Wednesday, November 22, 2023

What is a Will?

A Will is a legal document that determines who your assets such as your house, land, bank accounts, investments and other property, goes to upon your death. Keep reading below or click here for more information.

Who should have a Will?

Every person over the age of 18 should have a Will. It is a common misconception that a Will should only be created by the elderly or the terminally ill. However, it is always wise to organise your affairs in the unfortunate event of unexpected death or permanent disability.

Why should I make a Will?

The creation of a Will ensures you have total control over who receives your assets when you die. You will also be able to specify how each asset is to be distributed.

If you pass without a Will, the Court will decide how your estate will be distributed. In accordance with the Administration Act your assets will be distributed to your spouse, partner, children, parents, siblings, nieces and nephews accordingly, whether or not you want those people to benefit.

Having a Will means that minimal stress will be placed on those closest to you and decreases the chance of disputes arising.

If you are part of a complex family including step children, blended families, persons suffering from disability or other issues it is wise to obtain legal advice on the best way to formulate your Will. Disputes regarding asset distribution can turn into long and expensive legal battles.

Essentially, having a legally valid Will is for the benefit of your loved ones.

How do I ensure my Will is valid?

A Will is only considered legally binding if it is deemed valid.

In accordance with the Wills Act, a Will is valid if:

  • The person making the Will is over 18 years of age;

  • The Will is in writing;

  • It is signed by the person making the Will; and

  • Two independent witnesses are present when the Will is signed.

It is essential to obtain legal advice to ensure that your Will is legally binding.

Why should I have a solicitor draft or update my Will?

The preparation of a Will involves consideration of several important issues which you may require our assistance with.
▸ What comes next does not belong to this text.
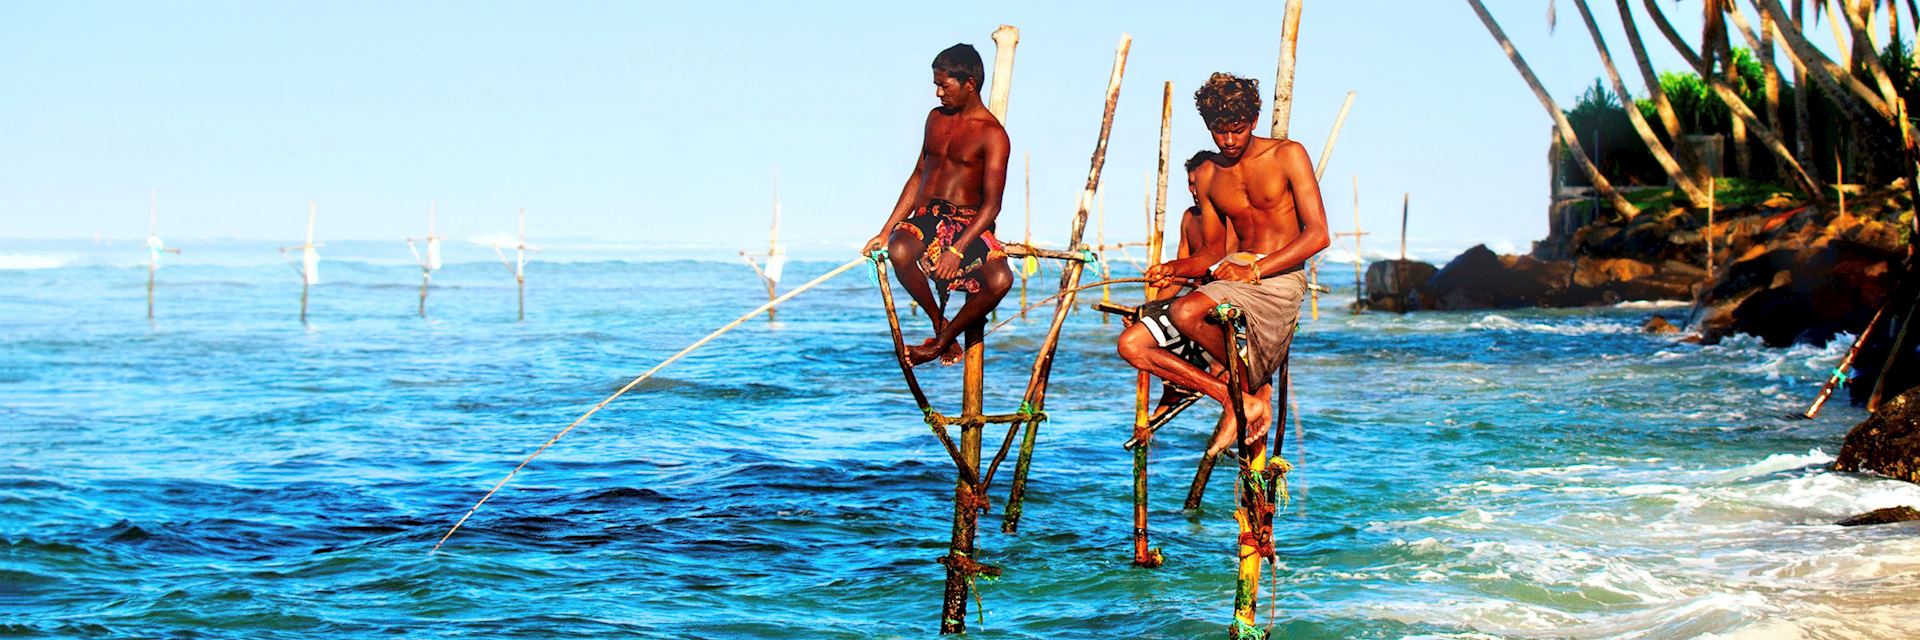 Stilt fishermen in Galle

For example:

  • How will your assets be divided?
  • Who do you need to provide for?
  • Have you considered your funeral arrangements?
  • Who will be the executor of your Will?

A Will is an extremely important legal document. A poorly written Will leaves it open to dispute. Not only are there numerous rules to comply with regarding the proper signing and witnessing of the Will, but proper legal language is vital in ensuring your assets are distributed to your liking.  

A solicitor can also assist you in updating your Will to reflect your current circumstances. This is highly important especially if your assets have changed significantly or if you have separated, divorced, remarried, or entered into a de facto relationship since your last Will was drafted. In Western Australia, marriage and divorce revokes a Will (if the divorce occurred on or after 9 February 2009).

Appointing a Power of Attorney

In the event that you suffer from an accident, become gravely ill or are travelling outside the country, it is wise to appoint a person who you trust to take care of your affairs in your best interest. An Enduring Power of Attorney (EPA) is a legal agreement that allows you to appoint a trusted person of your choice to manage your financial and property dealings in the event that you require it.

Appointing a Power of Guardianship

Additionally an Enduring Power of Guardianship (EPG) is a legal document which allows you to appoint a trusted person of your choice to take care of your personal, lifestyle and treatment decision in the event that you become unable to make such decisions for yourself. This person (known as your enduring guardian) can make authorised decisions concerning your living situation, the support services you have access to and the treatment you are undergoing. An enduring guardian does not have the authority to make decisions in relation to your property or finance.

Execution of these documents:

These documents can only be executed by a person over the age of 18 and who has full legal capacity.This means that the person must have full knowledge regarding the nature and outcome of the documents they are bringing into effect   as well as of their estate.